Dearest Samsung S5600,
I´ve been meaning to tell you all these things, but there never seems to be a right moment. And I don´t want to blurt it all out at an inappropriate time and make the situation all emotionally awkward and shit. So I decided to write you instead.
(Fuck, did I just use a swearword? Right there in the first fucking sentence. Shouldn´t swear in love letters. Stupid. But this is a pen I´m writing with and this here is pretty goddamn expensive paper, and my last sheet of it too. So I really can´t make it go away. I´m sorry about that, I´m so fucking sor
Nevermind. Let´s just pretend these last five lines didn´t happen, ok? Oh, and try to forget that S-word up there too if that´s cool with you.)
Um. So. I´ve been giving a lot of thought to our relationship lately. And I must say you´ve definitely earned your place as my primary communicational device. This may not seem like such a huge deal to you, seeing as my other major means of communication include flatulence, growling, violent dick punches and Facebook. But I need you to understand this: it means much to me. Very, very much.
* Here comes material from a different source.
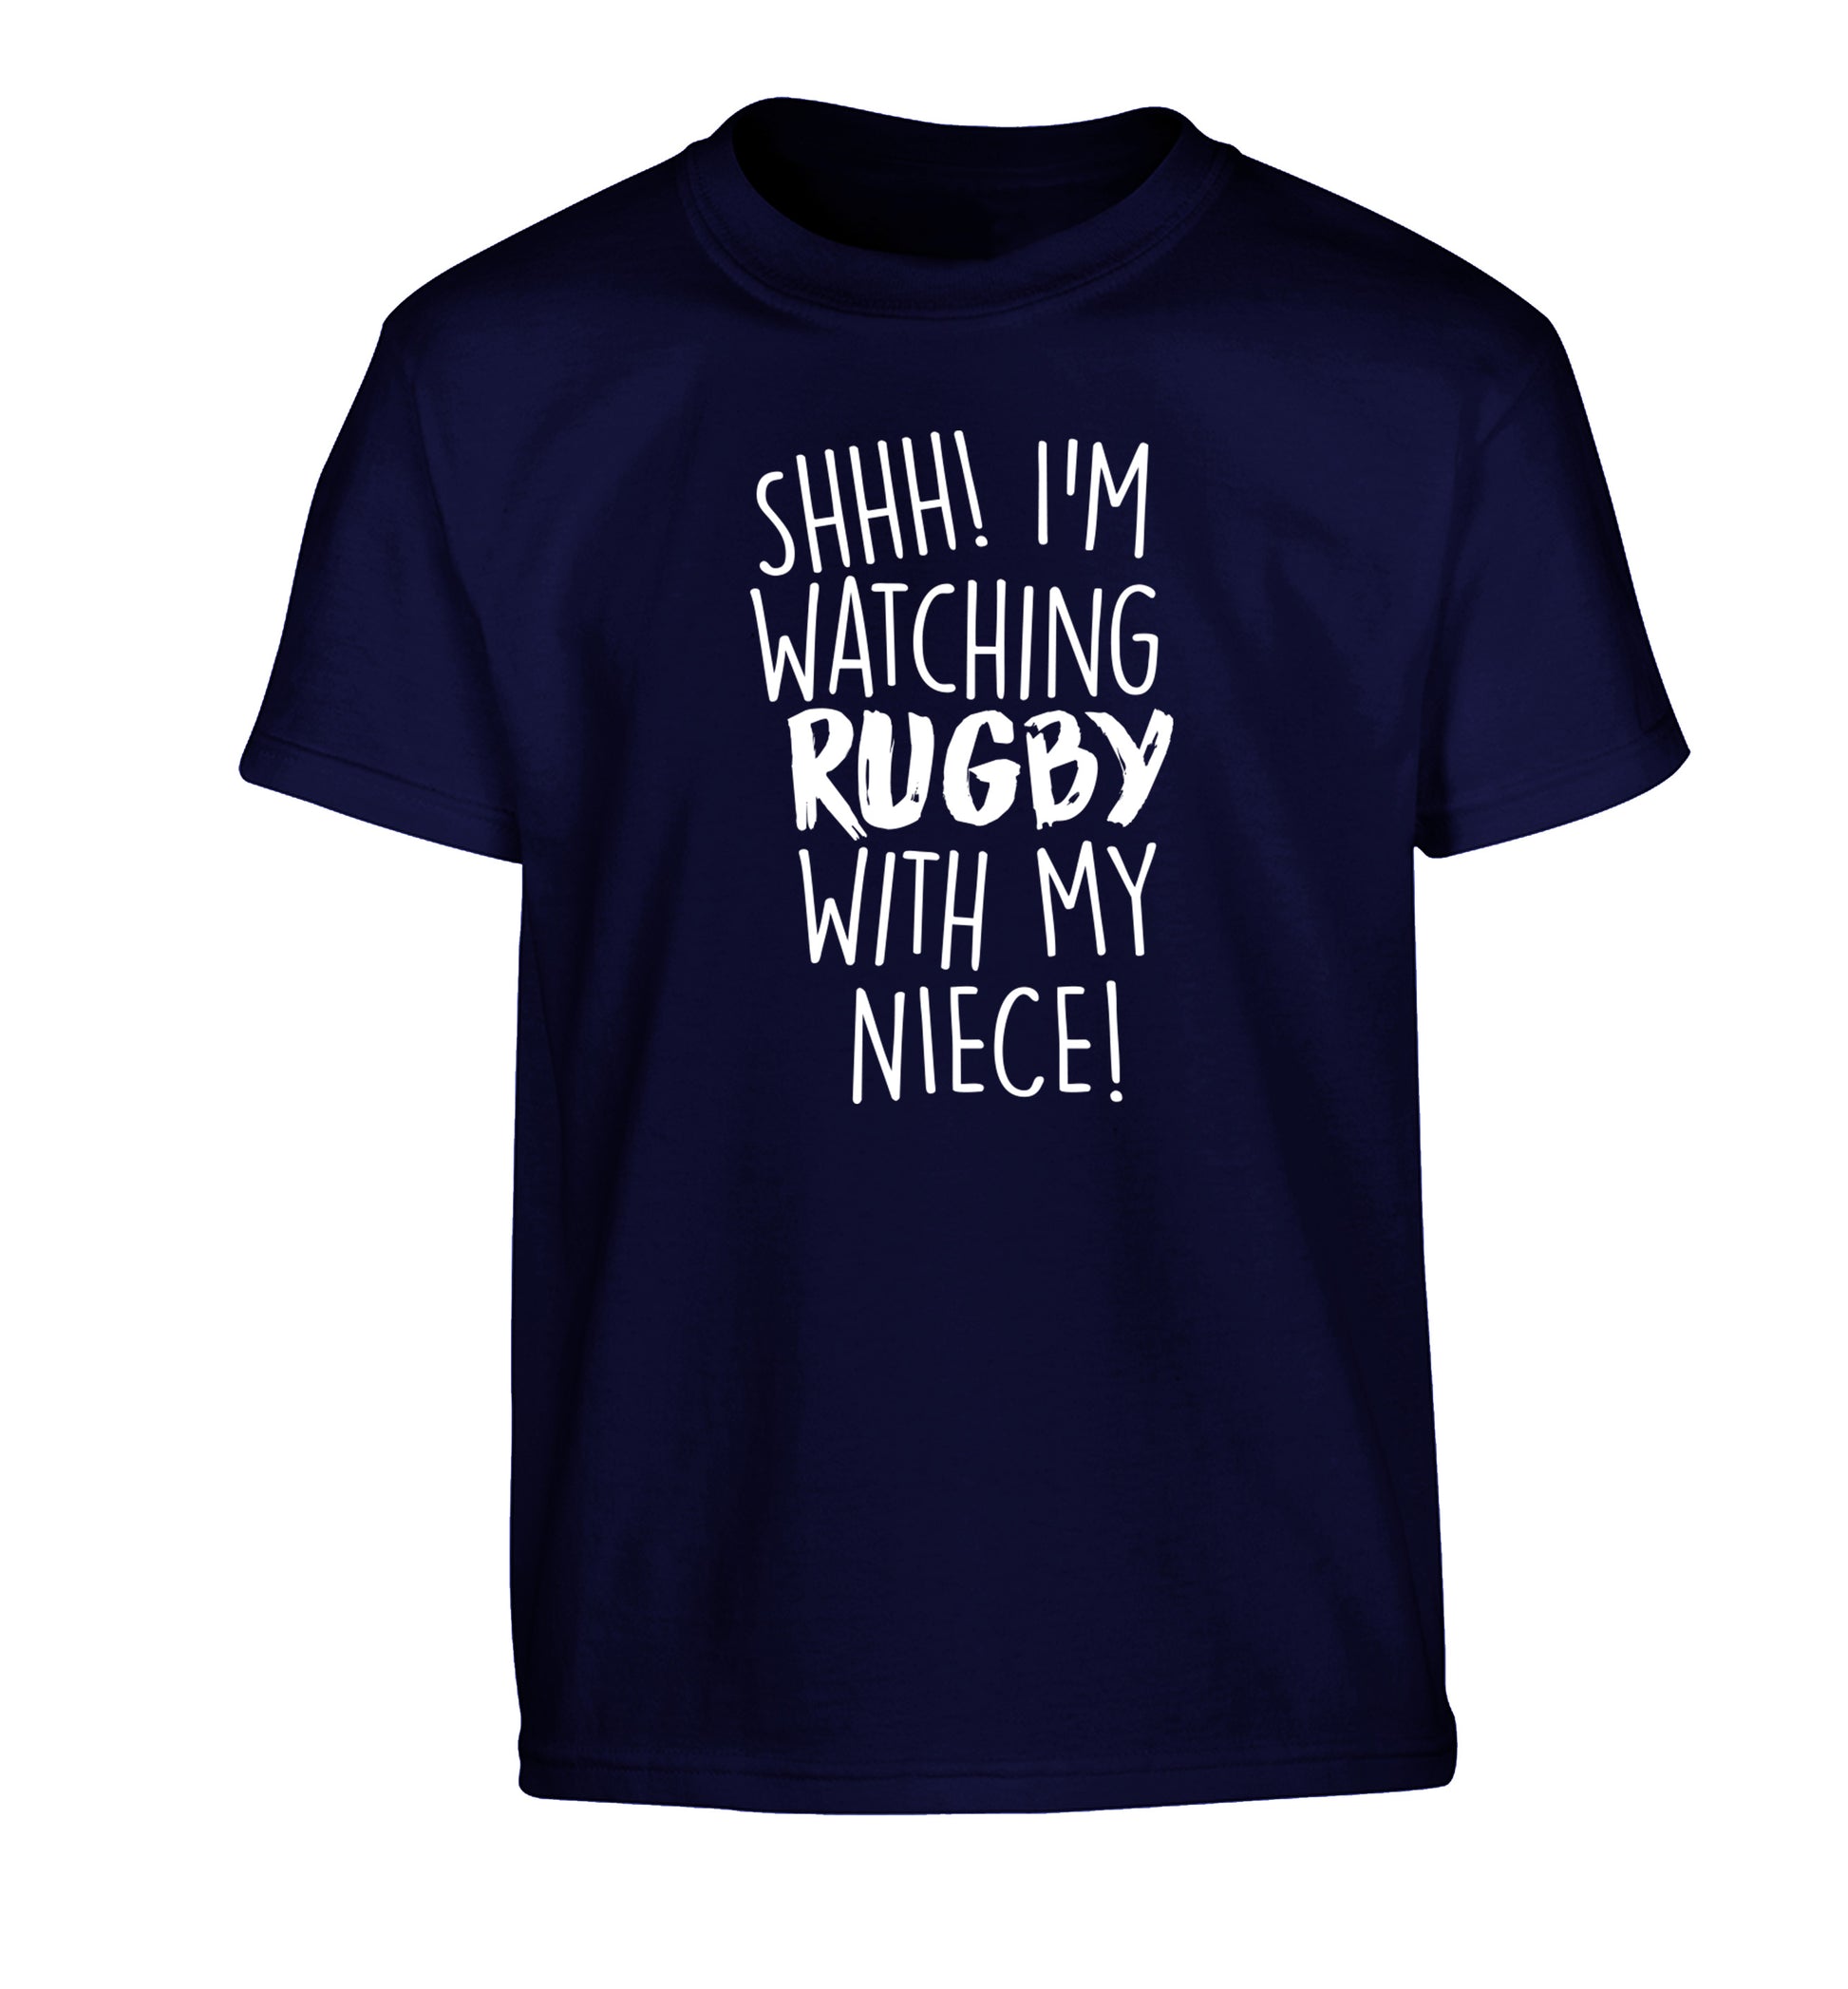 Shh.. I'm watching rugby with my niece Children's navy Tshirt 12-13 Years
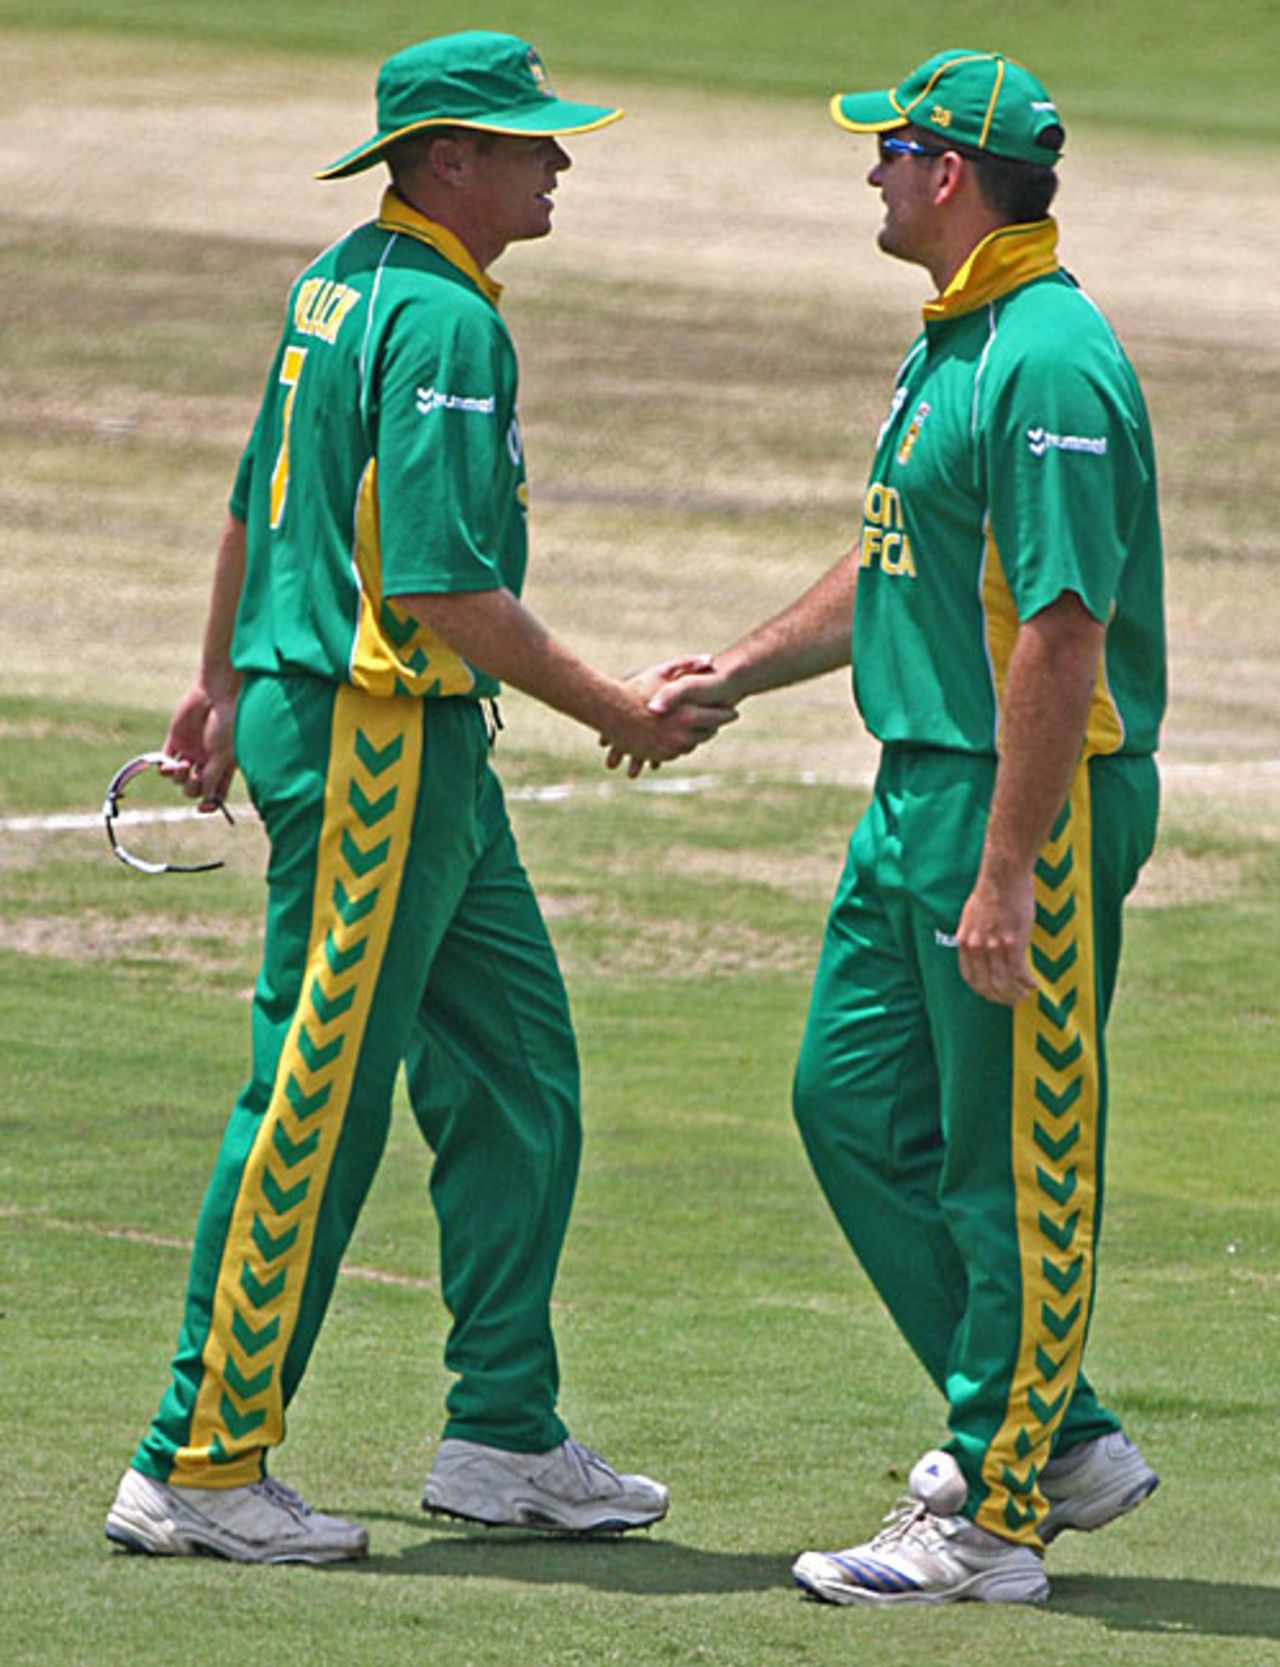 Graeme Smith shakes hands with Shaun Pollock after sending down his last ball in international cricket, South Africa v West Indies, 5th ODI, Johannesburg, February 3, 2008

See, you´re different from my previous phones. I know you´re a brand new model and yeah – I was shy at first but now I can admit it – you ARE my first touchscreen. But that´s not it, not really. It´s more of a manufacturer thing. You see, I´ve been a pretty consistent Nokia man almost all my adult life. I really don´t know why I took a leap in the dark by choosing you as my new phone.
Maybe it´s because I used to have this older Samsung clamshell phone when I was young. It was a short relationship, thanks to a terrible accident involving a large chilli dinner, a toilet bowl and tragically loose trouser pockets. But it left me with some good memories. Maybe those memories sparked my interest in you.
Sorry, did I just ruin this for you forever?
They say first impressions are important, and in your case they certainly were. Before you came along, I always had these chunky Nokias. They worked reliably enough, but if you tried to keep them in your front pocket you always ended up looking like you had a boner painted by Picasso. Looks-wise, your sleek, black design and colourful menus were a drastic change for the better.
Of course – if I´m totally honest with you – I might not have been as impressed at first sight had I known that your slick black shell is almost impossible to get a grip on.
Or that your surface looks and feels like it´s been smeared in butter after every use, no matter how quick the call, no matter how short the SMS, no matter how clean my hands are before touching you.
Or that the combination of the previous two qualities makes you about as easy to handle as a deep-fried bar of soap. One touch and hey presto! “I can´t believe it´s not butter!”
But none of that is your fault. How could your designer have known that people would ever handle you with anything with any grease on it? Like, for example, FINGERS.
Me and my Samsung, Autumn 2010
I really admire the way you´re in touch with your darker side. Most touchscreen phones are pretty vanilla about how they´re handled, responding mostly to light fingerstrokes. But you, you don´t want none of that “touch me gently with a feathered kitten´s whisker” shit. You play it tough and like it rough.
Never in my life have I met a phone that can take – no, WANTS – so much pressing, begging and pleading. I must say I was a bit uncomfortable about this at first, because my past phones have all been more …traditional in their tastes. The idea of treating a phone this roughly had never even crossed my mind until you came along.
I still remember the dread I felt when I tried to open your phonebook for the first time and realized your touchscreen simply wouldn´t react to anything less than borderline violence. The ten or so seconds I waited for you to finally respond were some of the longest in my life. Then, teasingly and sloooooowly, you opened the application. And I knew I had found my phone.
User´s Manual, page 57: Operating touchscreen
Your little quirks are what I think I like the most. Like your sense of humour. Remember that time when you suddenly decided that there´s only room for 200 text messages in your memory, sent messages included? Good times!
Or how about the way you seem to take longer and longer every day to open up even the simplest applications?
And I STILL haven´t figured out how you manage to take more time to unlock than my aeons-old computer. (Seriously, stop doing that. Please.)
And the text messaging! Who else but you would even dream of hiding something as simple as the SMS behind no less than five folders? No one, that´s who.
(On a texting related side note, I´m choosing to believe that your SMS dictionary tool is a lovingly elaborate practical joke and not a pre-meditated attempt to make me insane. THAT´S how much I care.)
So, um, yeah. All in all, I´m really, really happy with you and lucky to have you. I know you´re not perfect but hey, nobody is. I most certainly am not. So, I guess what I´m trying to say is:
These months have been good. Or at least interesting.
And even though I may complain about practically having to sacrifice a goat to you every time I want to answer a call or send an SMS, it´s really just for show. I don´t mind.
Best wishes, hugs and kisses
“Or you could buy an iPhone. Just a thought.”